Real Life Assessment
Vorbereitete Settings und erwartbare Situationen sind angenehm, aber oft nicht ausreichend aufschlussreich. Interessant wird es vor allem, wenn – auch im Auswahlprozess – etwas nicht nach Plan läuft bzw. spontane Reaktionen erforderlich sind. Business Cases, Präsentationen, Diskussionen etc. sind besonders geeignete Formate mit der notwendigen Akzeptanz, um weitere Aufschlüsse zu liefern.
Team Effort
Auswahlqualität resultiert auch aus Team-Effort. Das richtige Gremium an Entscheidern ist wesentlich. Hier werden unterschiedliche Sichtweisen konstruktiv diskutiert und mit den Prioritäten kalibriert. Verschiedene Rollen (Moderator, Interviewer, Beobachter) haben unterschiedliche Schwerpunkte in der Wahrnehmung. Auf diese Vielfalt zu verzichten, bedeutet zwangsläufig einen Verlust an Entscheidungsqualität.
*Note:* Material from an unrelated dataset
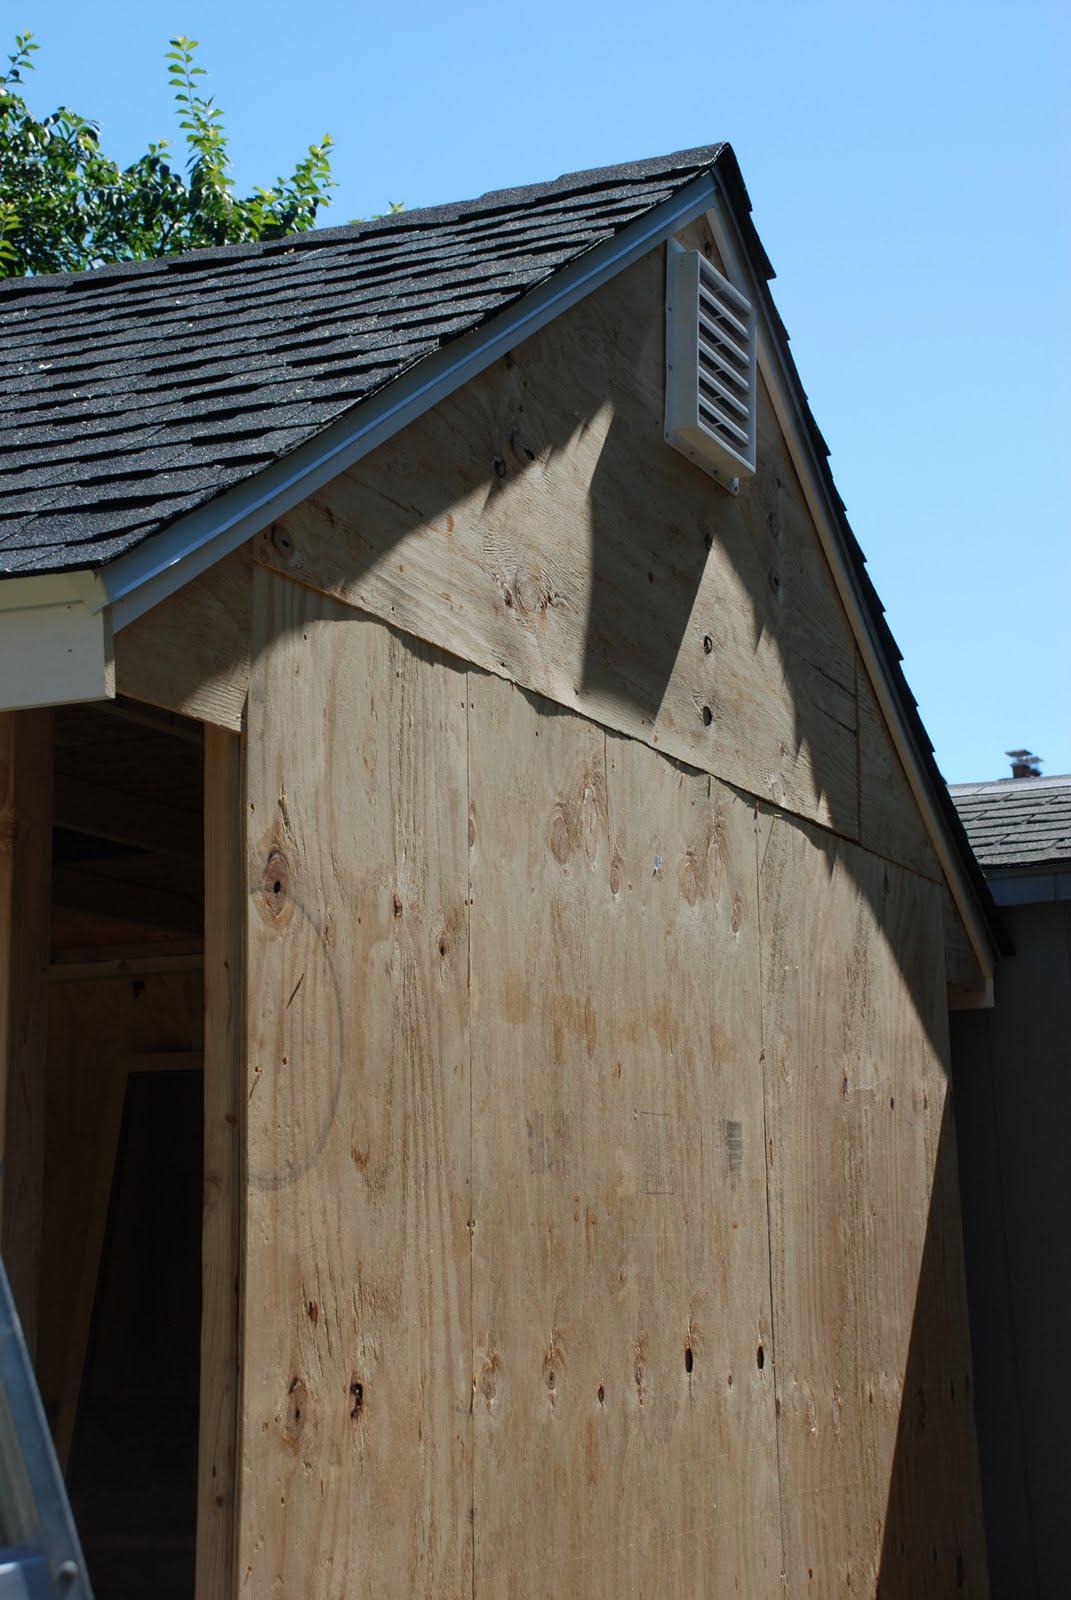 Half gable shed plans 8x10x12x14x16x18x20x22x24 josep for Gable sheds

So proof me wrong, please!
Der aus einem positiven Zugang zu Menschen im Allgemeinen resultierende Vertrauensvorschuss ist für mich wesentlich für eine tragfähige Interaktion mit meinem Gegenüber. Im weiteren Verlauf der Gespräche gilt: Der Versuch, diesen zu falsifizieren ist legitim und notwendig.
So schließt sich der Kreis: Kandidaten, die im Laufe eines Evaluierungsprozesses aus unterschiedlichen Gründen aus dem Relevant Set ausscheiden, sind ein Gewinn für die Auswahlentscheidung. Alle sparen sich Zeit und potentielle spätere Trennungsschmerzen.
Und für den Fall der Fälle?
Für uns als Personalberater gilt: Unsere eigene Fehlbarkeit zu minimieren mit dem Ziel, möglichst gute Entscheidungen zu ermöglichen. Mit dem Bewusstsein allerdings, dass wir es auf beiden Seiten mit Menschen zu tun haben. Und, dass Fehler auch zu Wachstum beitragen. Und weil das so ist, teilen wir mit unseren Auftraggebern für eine gewisse Zeit zumindest das kaufmännische Risiko einer notwendigen Nachsuche. Auf dieses Qualitätsmerkmal einer Premium-Personalberatung sollten Auftraggeber bei der Wahl des Partners in jedem Fall achten.